How The AHCA Will Hurt People With Mental Illnesses, Like Me

by Karis Rogerson
Pool/Getty Images News/Getty Images

I didn’t really live in an America before the Affordable Care Act, so I guess that makes me lucky. I'm lucky because before Obama’s signature health care bill was put in place, with its list of 10 essential health benefits — including mental health services18 percent of people who bought their own insurance didn’t have mental health coverage. And I’m lucky because the ACA had protections for people with a pre-existing conditions, meaning I can’t be refused coverage or care, as I could have been in the past. I'm lucky because I've been diagnosed with bipolar disorder and depression, two of the many mental illnesses that insurers discriminated against before the ACA, but I never had to face that discrimination — but now, due to the passage of the American Health Care Act, they may discriminate against these illnesses once again.

The AHCA rolls back many of the ACA's changes, including allowing states to potentially re-introduce the idea of "pre-existing conditions," and allowing insurers to charge a penalty to patients who’ve had a 63-day lapse in coverage. This might not sound like a lot to you. But for many people — especially those dealing with a mental illness — it can add up to a burden that is nearly impossible to deal with.

As a writer who works in the service industry, it’s likely I’ll have to purchase my own insurance in two years, when I can no longer be on my family's insurance plan. And because I’m a writer who works in the service industry, it’s likely I won’t be able to afford it easily. So 63 days could easily pass without coverage. If it’s hard to pay for treatment with the ACA (and I’ll show you just how hard that is in a moment), it’ll be even harder if it’s repealed.

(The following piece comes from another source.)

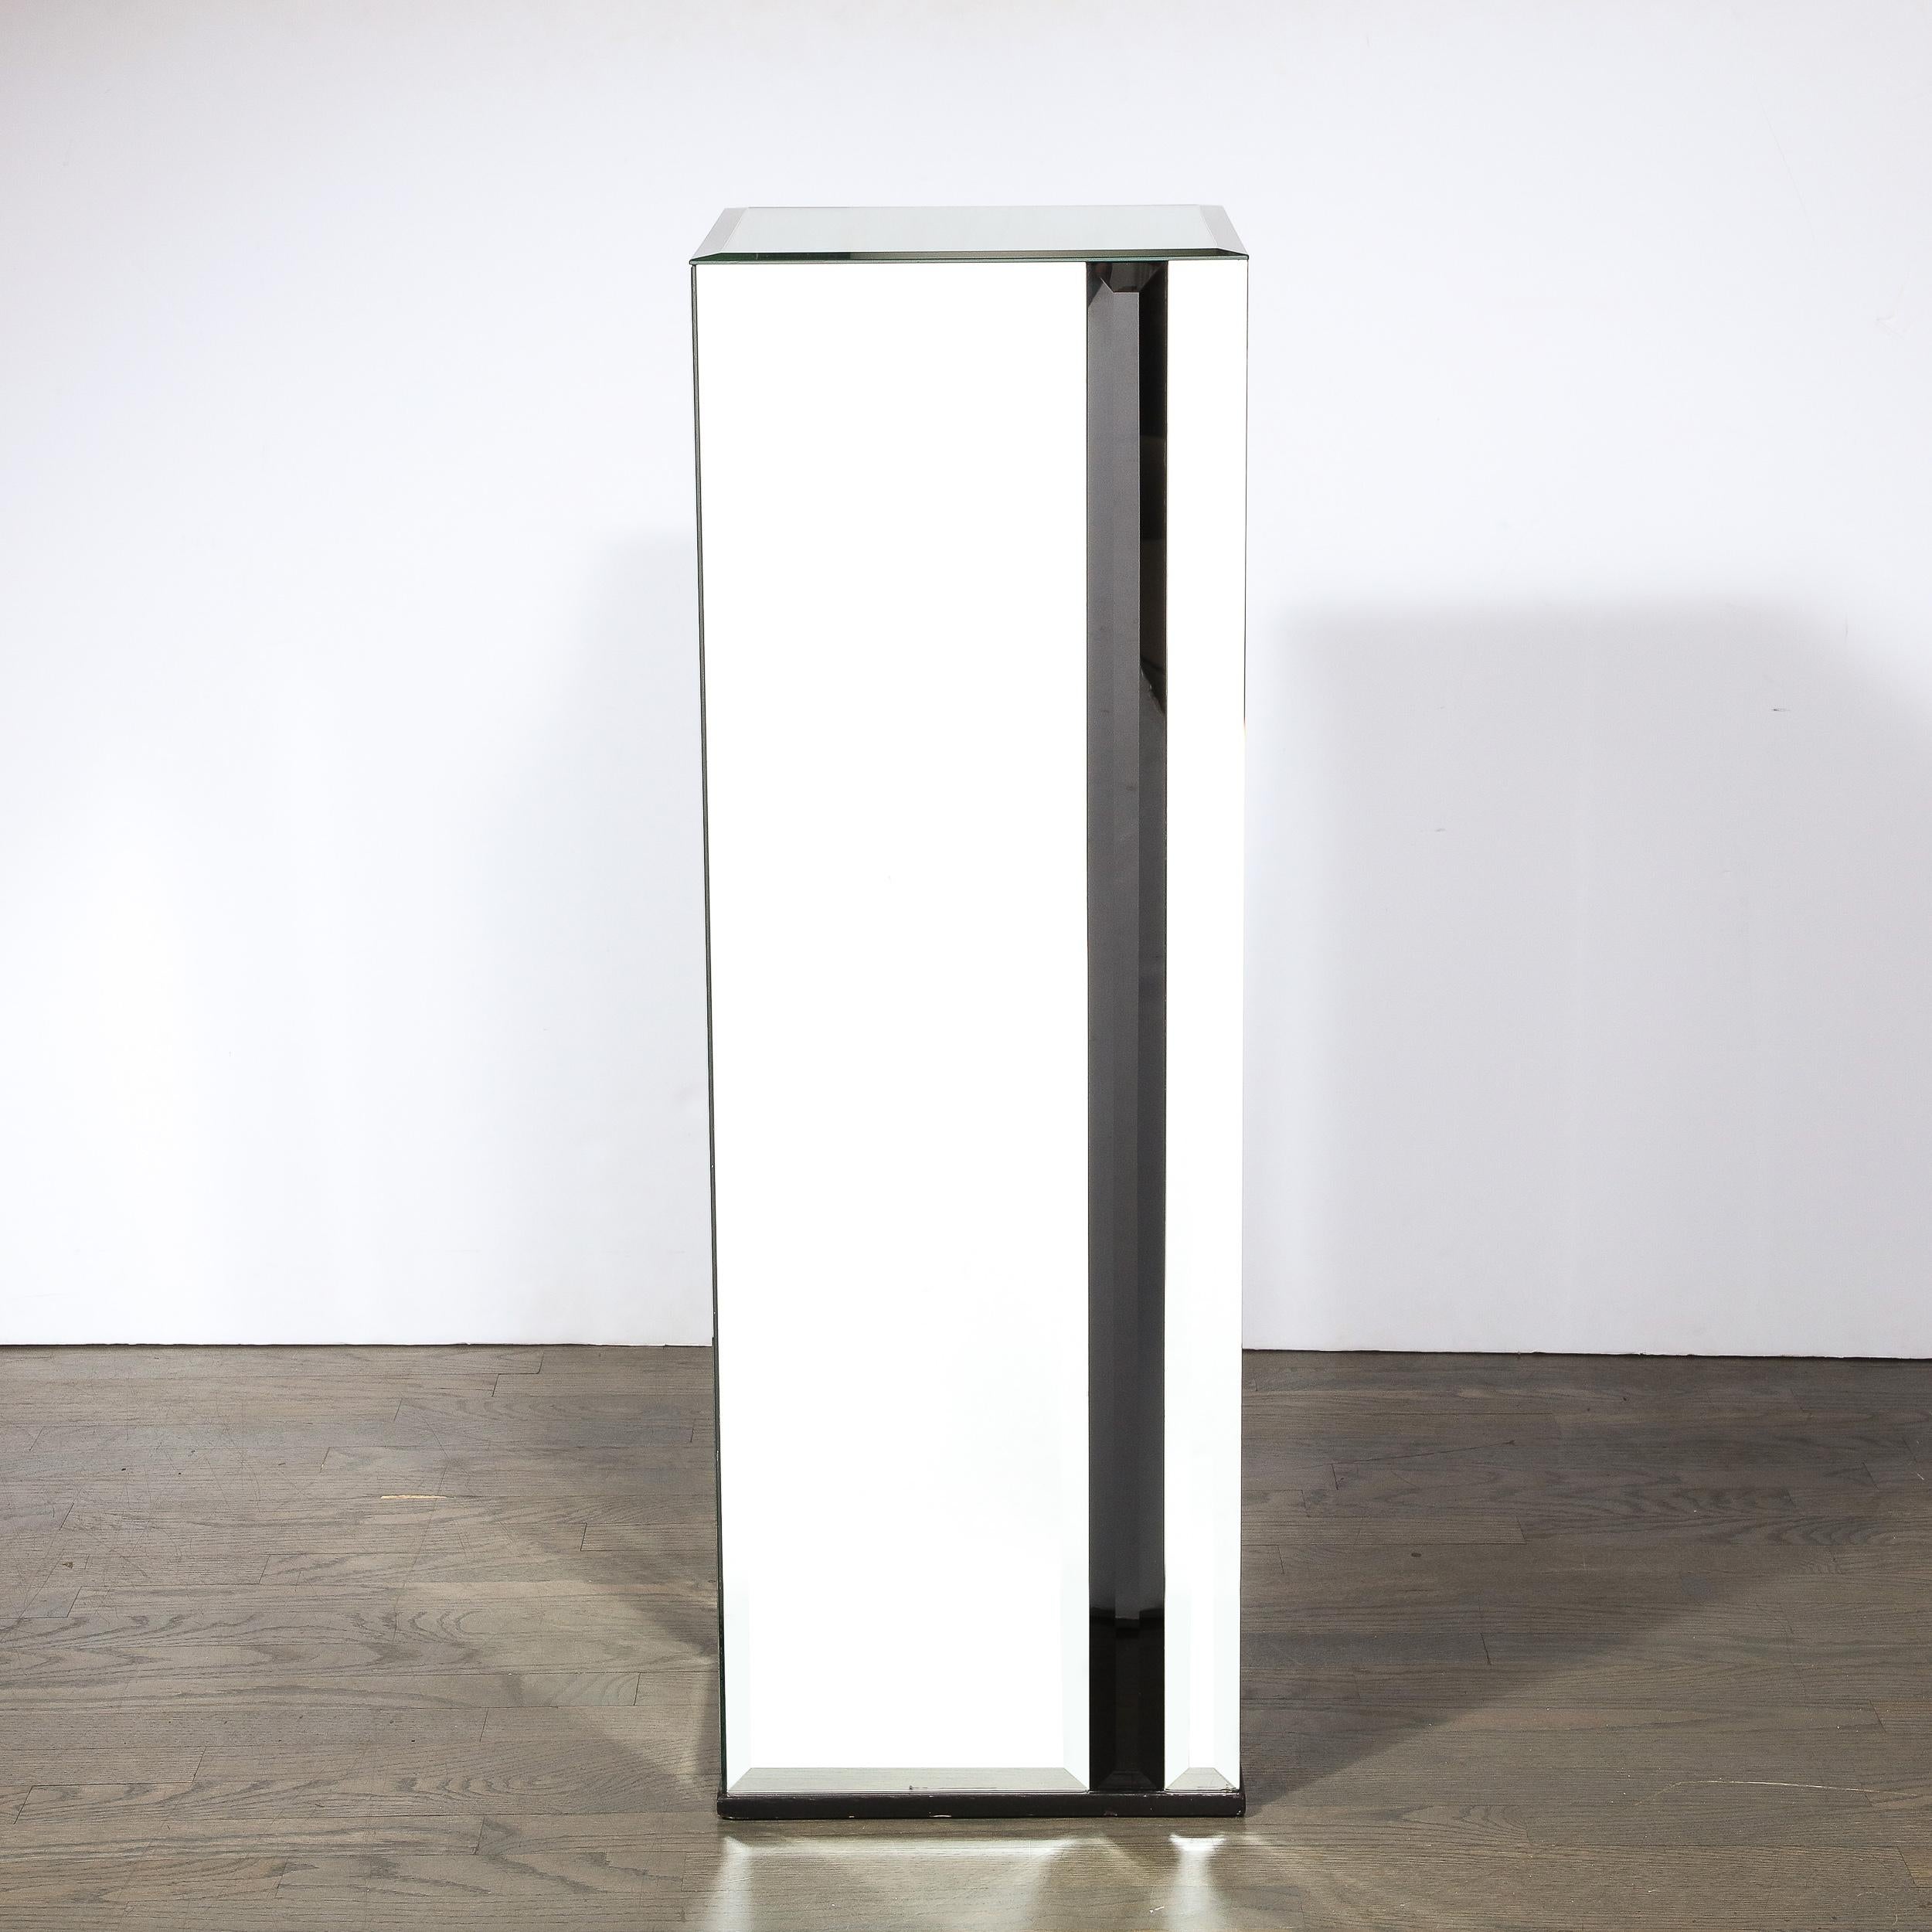 This stunning and sophisticated Mid-Century Modern pedestal was realized in the United States circa 1970. It offers a rectangular volumetric body composed of mirrored glass segments. Each side offers a larger rectangular mirrored panel with a thin

I’m pouring most of my money into my mental health. But at least I have insurance to cover my medication.

My doctors and therapists don’t accept insurance, partly because of the historical problems (read: societal stigma) related to getting mental health care. So I have to pay out-of-pocket, keep my receipts and just hope my parents’ insurance will reimburse us, at least partly, for these expenses.

I am lucky in that my meds are covered by insurance. Without that, I would have to pay somewhere around $1,000 a month for them, or risk going without in order to save money. Which is not a great plan, because when I’m off my meds, one of two things happens: I become severely depressed and suicidal, which in the past has led to a hospital visit to literally save my life. Alternately, I sink into a state of numbness, in which I just don’t feel anything. I don’t create, I don’t contribute to society, I barely function.

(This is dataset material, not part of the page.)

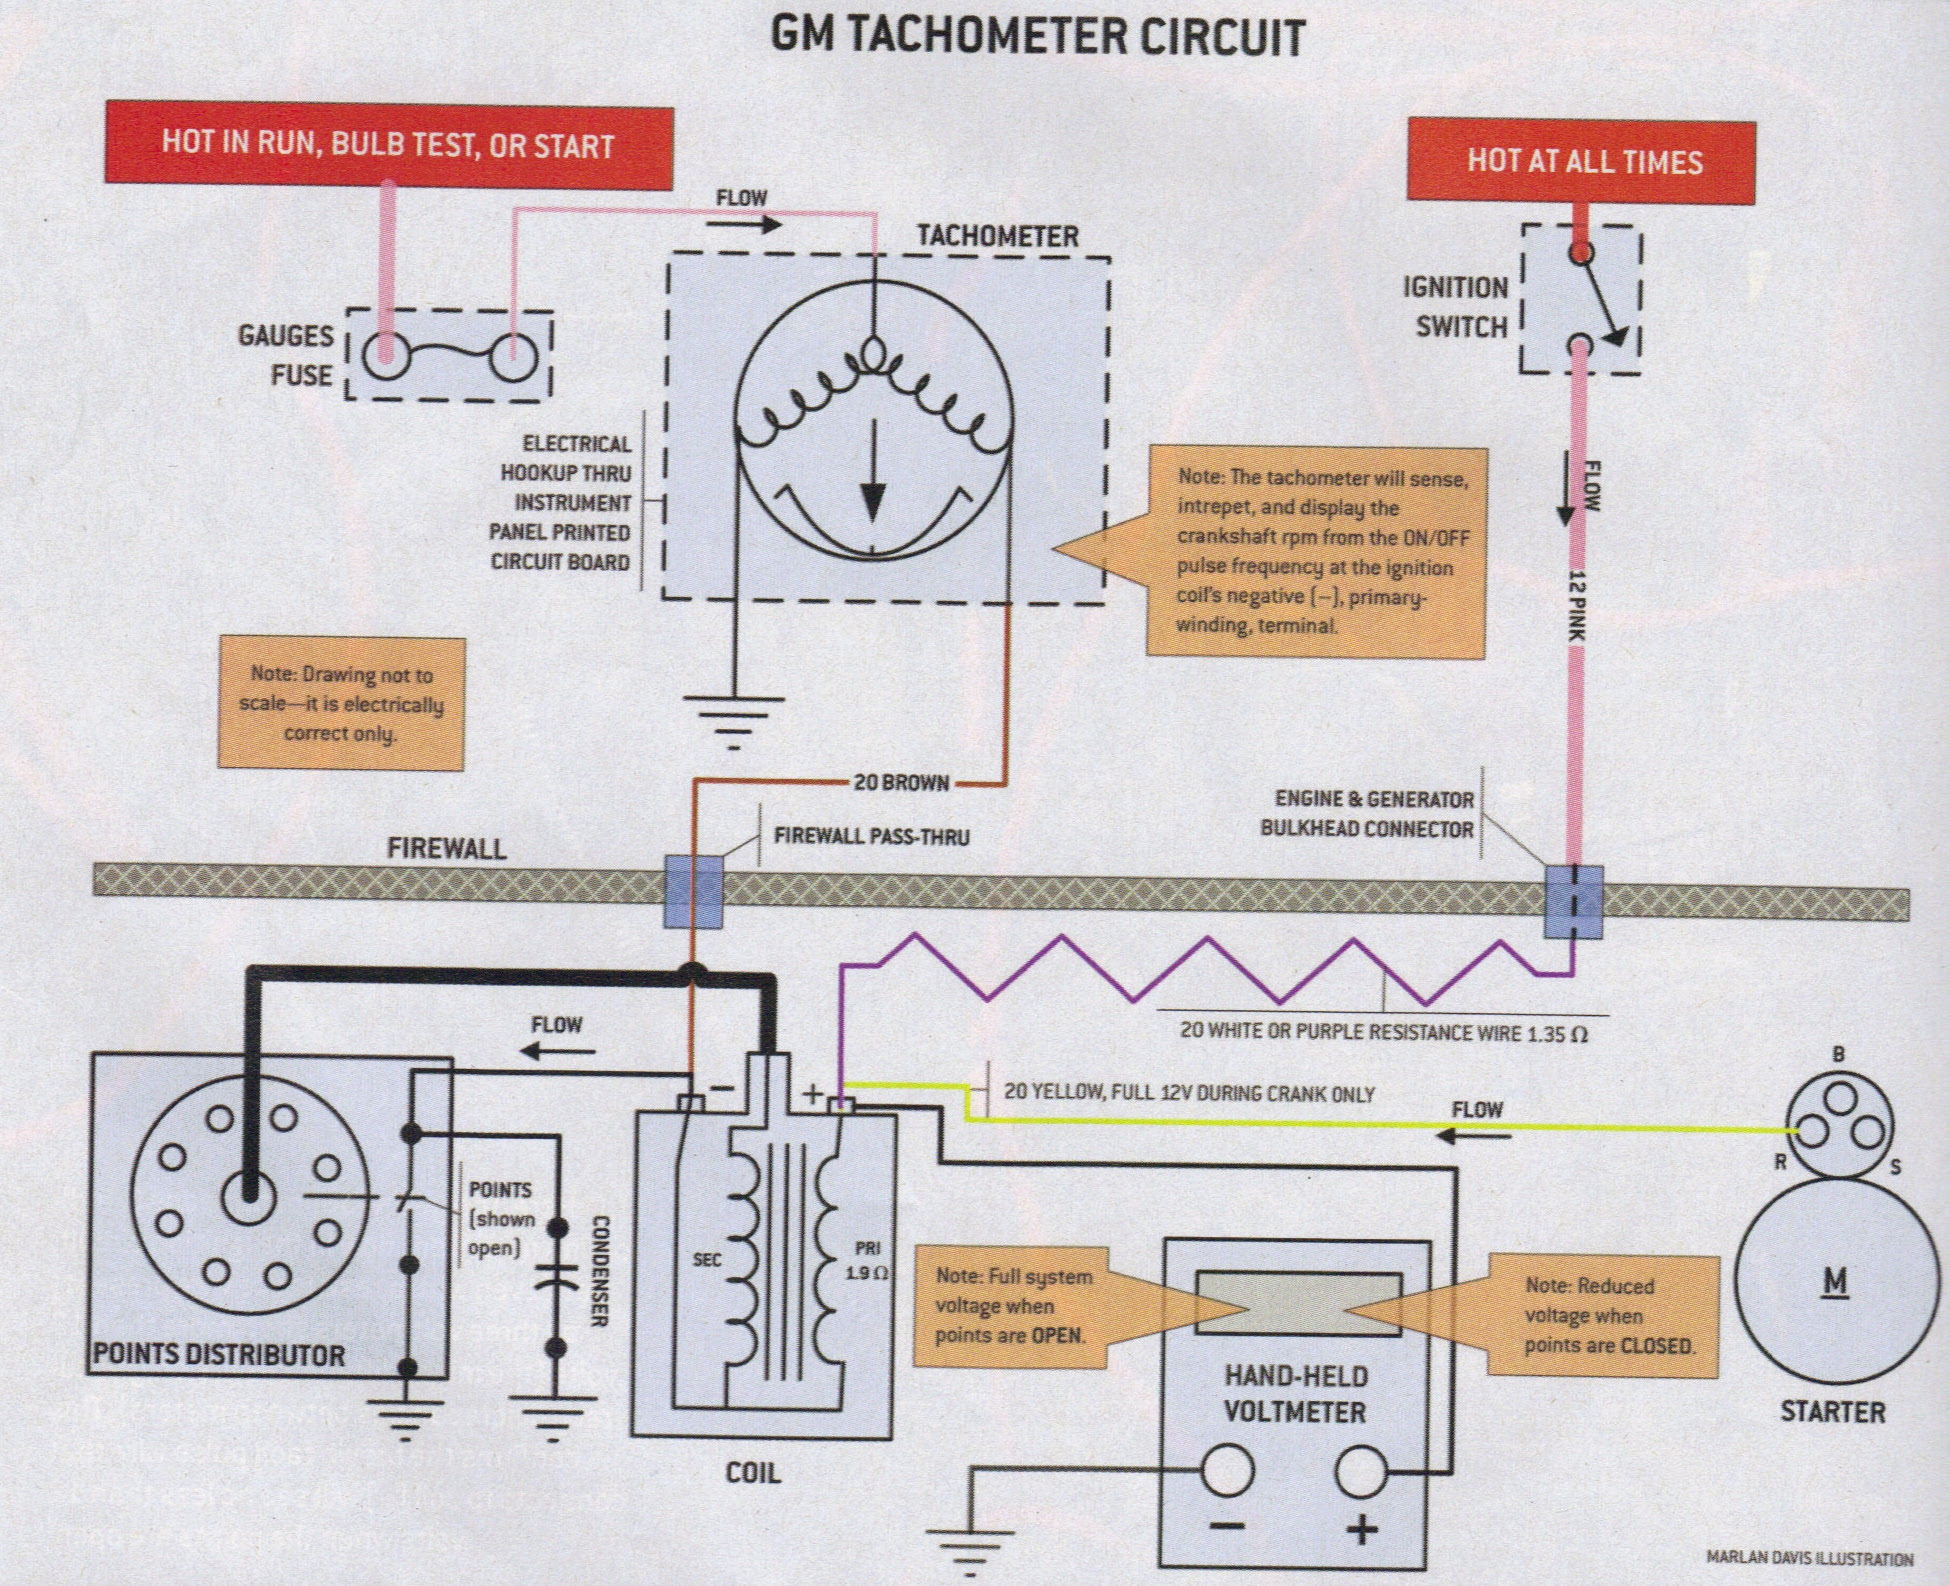 67 Gm Ignition Switch Wiring Diagram - Wiring Diagram Networks

So medication saves my life on a daily basis. Without it, I spiral. Even with it, I’m in a bad place. I see a doctor every month, a therapist every week, and I also now attend group therapy every week, because the meds and the therapy didn’t keep me from going through a bad episode last month. I’m pouring most of my money into my mental health.

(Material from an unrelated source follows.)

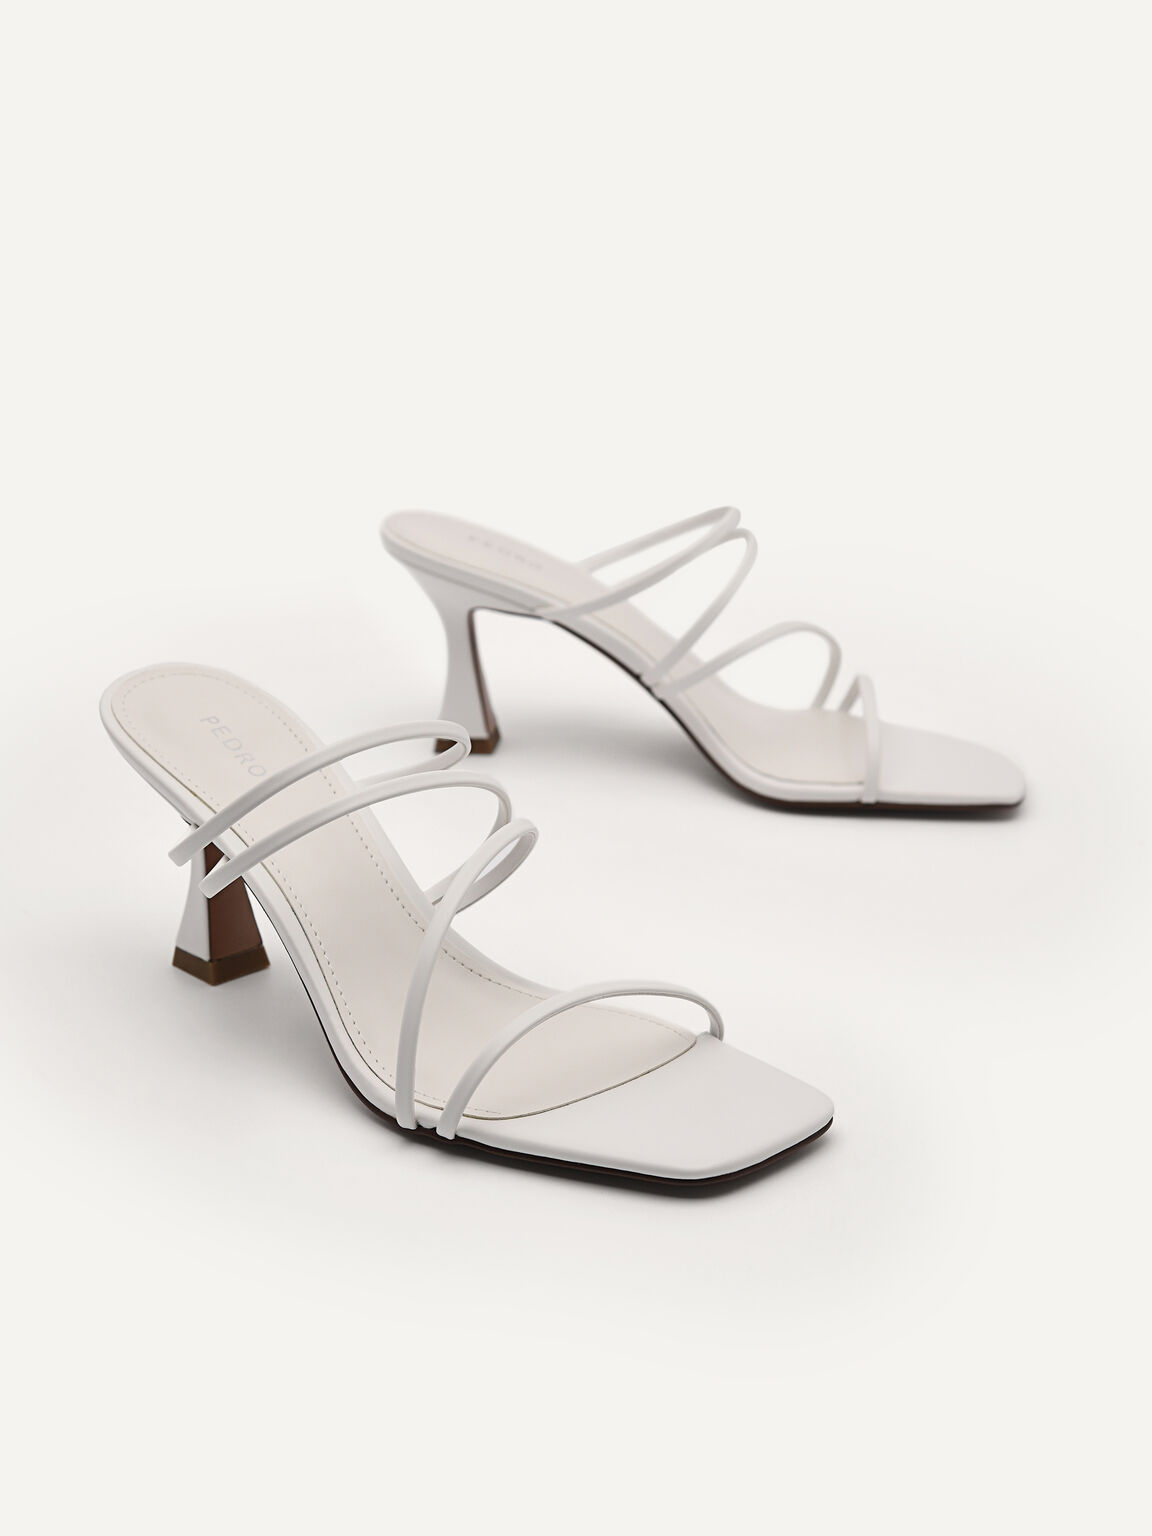 Strappy Heeled Sandals, White

But at least I have insurance to cover my medication. And at least I have the option of getting reimbursed, because while my care providers only let me pay out-of-pocket, I can submit receipts to my insurance provider and see if they’ll consider it an adequate medical cost.

I can’t imagine — or don’t want to imagine — a world where insurance isn’t forced to accept mental health coverage as an essential benefit.

But that's exactly what the AHCA does. It allows states to set up their own standards of benefits they’ll offer, which means they have the option of deciding that mental health isn’t an essential health benefit.

With stigma against mental illness very real, it’s possible that there are politicians who will see that mental health isn’t really something we need insurance for.

But it is. It very much is. I am sick to my stomach and terrified right now, not because I think my state will repeal my insurance (I live in the very Democratic New York City), but because there are people out there who aren’t so lucky to live in a place where the lawmakers are empathetic to their needs. Because there are politicians who put their own political interests above the interests of the people they were voted in to serve.

Mental illness is real, and it sucks. I can’t say that enough. It’s harrowing to live with your brain turned against you, to struggle to fight your own thoughts every day. Why can’t we see that yet? Making mental health care "optional" supports the idea that mental illnesses are not real illnesses, and denies the fact that our brains can be just as deadly as our bodies.

I know the reasons that many are against Obamacare. I’m from the South, and most of my friends and family are Republican. I know it can suck to pay a tax because you didn’t feel you needed insurance. I know it can suck to feel like you’re working hard and someone else is benefitting.

But knowing that your life and health are considered paltry and worthless by the people who vote and the people who are voted in, because you have a mental illness, sucks much more.

For my sake, the sake of every other person with a mental illness, and the sake of everyone with a pre-existing condition, of every grandparent who could be charged as much as five times what a young person is charged for insurance, of every individual who lives and breathes and is afraid, please have empathy.

We can stop this bill from becoming law. If we call our Senators and put the fear of not getting reelected into them — if make sure they know that passing this bill is political death — we can change the course of history. For the better.

And if you supported the AHCA, I’m imploring you to have empathy. Even if you disagree with Obamacare, you have to realize there’s a better solution than this. So let's step up and speak out. Because mental illness can be harrowing as when the cells in your body turn against you, as chronic as any lingering bronchitis, as life-threatening as cancer. And we need to recognize this.